# Moving Face Effect



## HomeyDaClown (Oct 3, 2009)

Just came across this over on Youtube. A very nice creation by Jeffrey Sherrard. I've used the same technique on a moving eyes prop but never though about doing it with skulls. I've got a stack of skull jello molds just waiting for something like this:


----------



## Jack Mac (Nov 28, 2012)

That is an awesome effect! Bookmarked and added to my list of props I might want to make . Thanks for the link.


----------



## RoxyBlue (Oct 6, 2008)

So is the face inverted/concave for that effect? I know that's how it's done with the moving eyes illusion.


----------



## Lunatic (Oct 3, 2006)

Yeah that's cool. How does that work?


----------



## HomeyDaClown (Oct 3, 2009)

RoxyBlue said:


> So is the face inverted/concave for that effect? I know that's how it's done with the moving eyes illusion.


Exactly, it's a mind trick known as the Necker Cube: http://www.cut-the-knot.org/Curriculum/Geometry/Necker.shtml

Human sight is programmed to recognize familiar human features such as eyes and faces and expects to see normal projections like nose, lips,ears and eyes in convex fashion. When you see the same features in concave fashion you mind tries to bend the vision into what should be normal.


----------



## Lunatic (Oct 3, 2006)

HomeyDaClown said:


> Human sight is programmed to recognize familiar human features such as eyes and faces and expects to see normal projections like nose, lips,ears and eyes in convex fashion.
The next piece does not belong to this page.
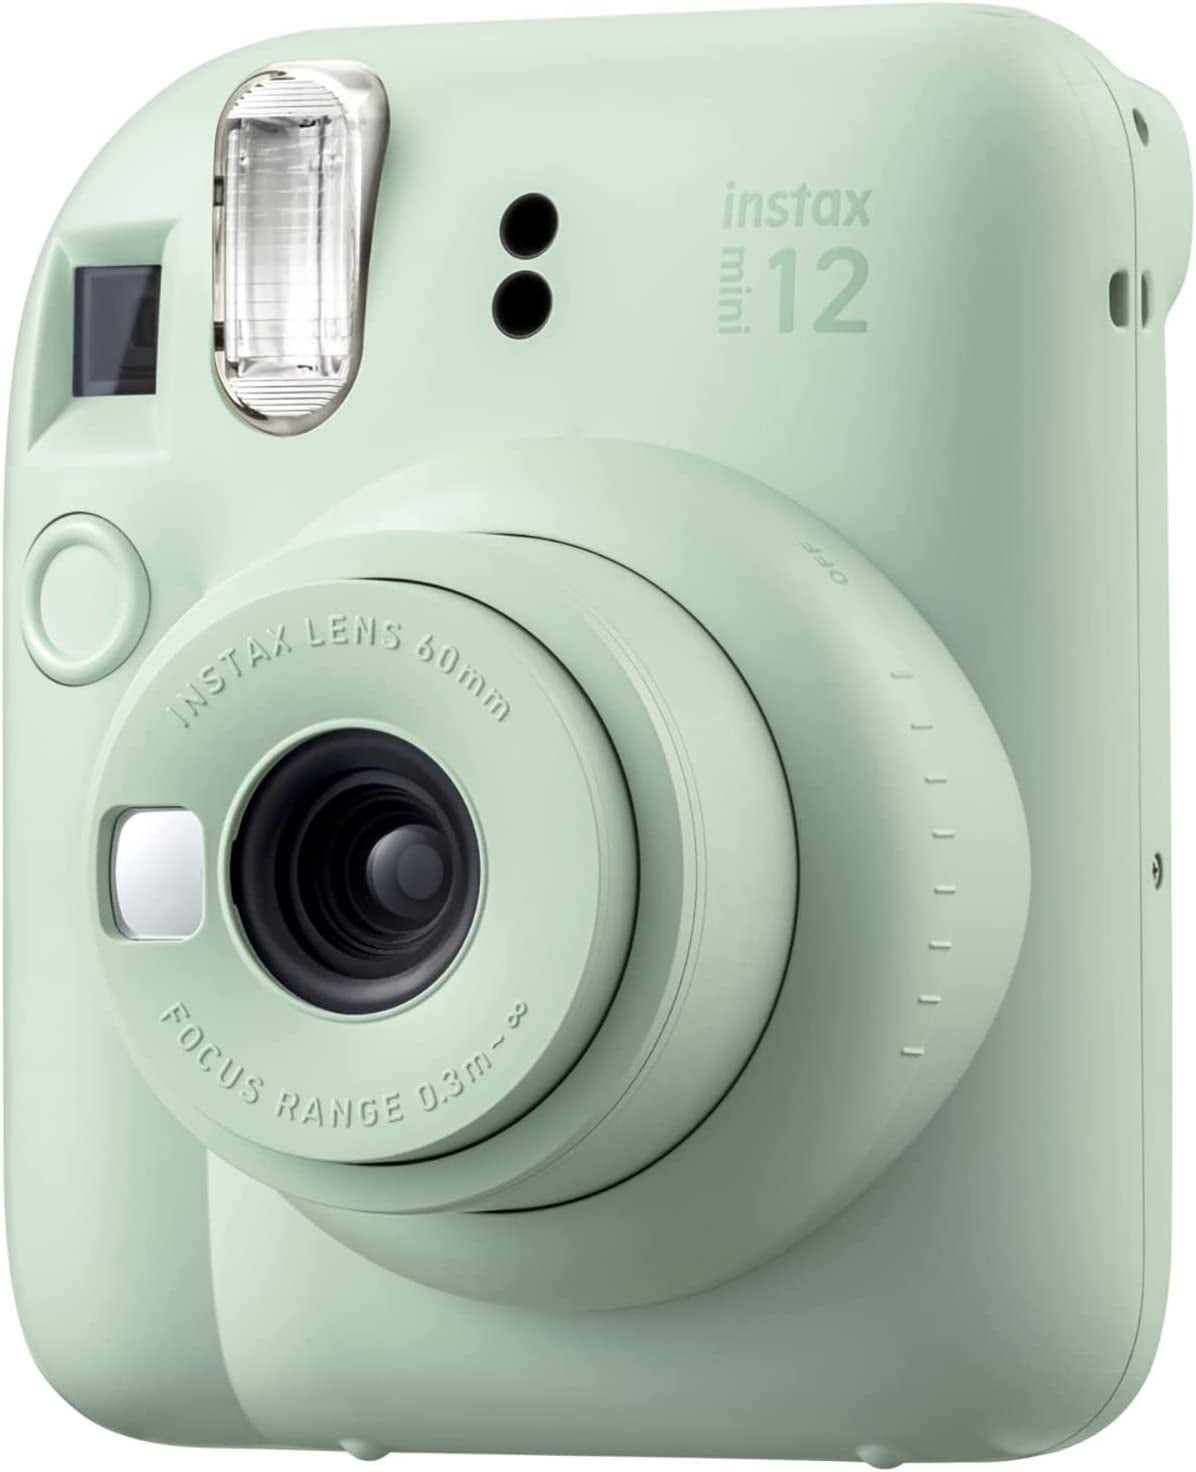 Fujifilm Instax Mini 12 instant camera in mint green
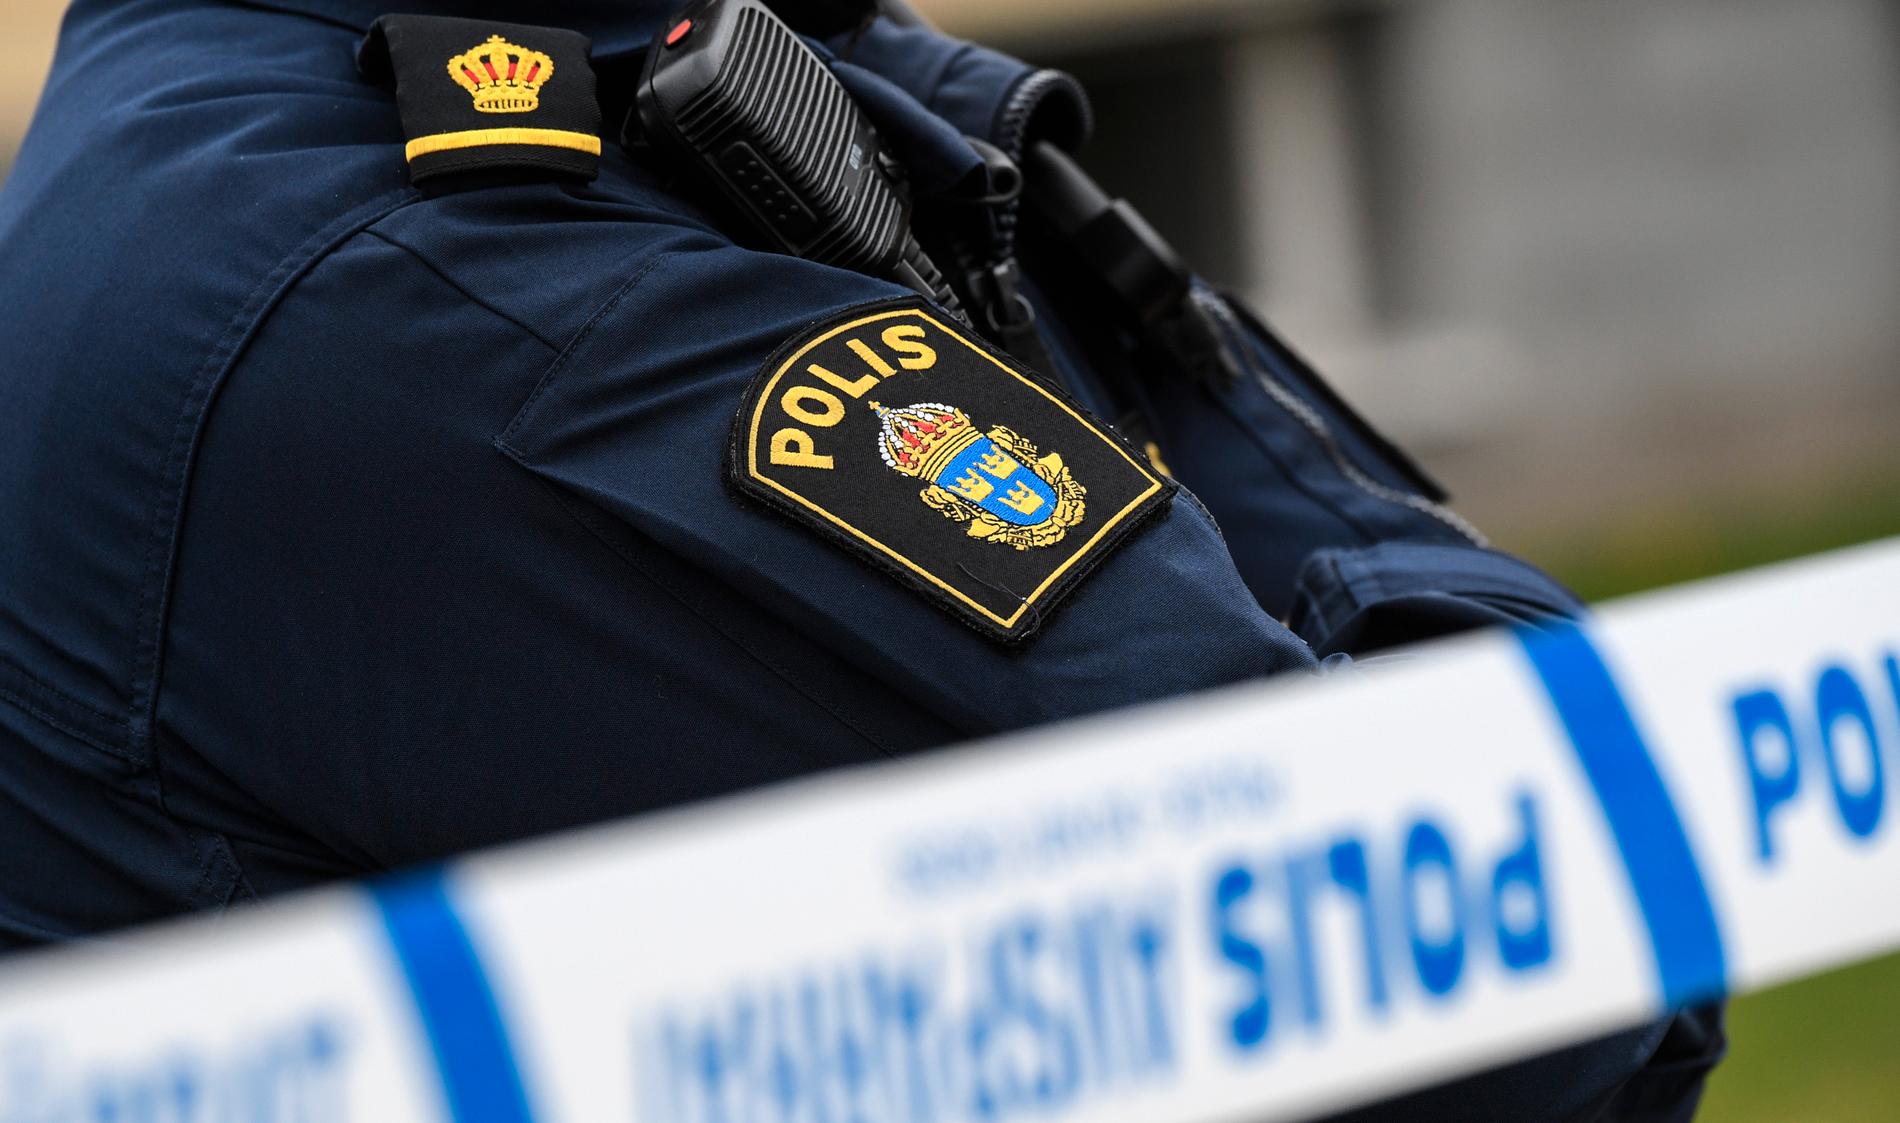 Två gärningsmän bröt sig in via balkongen i centrala Helsingborg. En anmälan om grovt rån har upprättats. Arkivbild.

When you see the same features in concave fashion you mind tries to bend the vision into what should be normal.


It's amazing that the effect works through video. Pretty cool.


----------



## Offwhiteknight (Sep 17, 2008)

They do an identical effect (with busts instead of skulls) at the Haunted Mansion. Very cool trick, just have no real place to do it in my house.


----------



## ouizul1 (May 22, 2010)

I like that! ...might try to incorporate into a tombstone, since they are up next on the build list anyway.


----------



## niblique71 (Dec 2, 2009)

That's too cool... I did the eyeball trick and Loved the results...The whole skull will be fun to try. Thanks for posting Homey


----------



## diggerc (Feb 22, 2006)

anybody know how it's lighted?


----------



## HomeyDaClown (Oct 3, 2009)

The jello mold used and the ones I have are thin white plastic, just like a stiff old kids mask. Just about any diffused light would work spaced behind it enough to light up the whole face evenly. 

I've got a few 2 watt 110 Volt LED bulbs that have just the right color (no blue) for this. I'll cover them with translucent containers (round crystal light ones) to help diffuse the light a bit.

Building two columns for the entrance to our cemetery scene and I want to stuff a moving face in each one.


----------



## fontgeek (Jul 24, 2006)

The hard bart I see with using the cake or jello mold is that it probably has a fully formed face, which means that you will have shadows and features that are static while your "motion" goes on.


----------



## HomeyDaClown (Oct 3, 2009)

The whole thing is static, it is your mind playing tricks that makes it work. You want some shadows to distinguish the features. I may even darken a few features (lines) to increase the contrast a bit.


----------



## The Halloween Lady (Aug 18, 2010)

That's really nifty!!!!! I want to try this one..... along with about a hundred other things. lol


----------



## fontgeek (Jul 24, 2006)

Sorry Homey, I thought you were talking about projecting a moving face onto a static head-form, when in fact, you are trying to replicate the rotating busts from "The Haunted Mansion" attraction.


----------



## hpropman (Jul 27, 2008)

great use for the jello mold


----------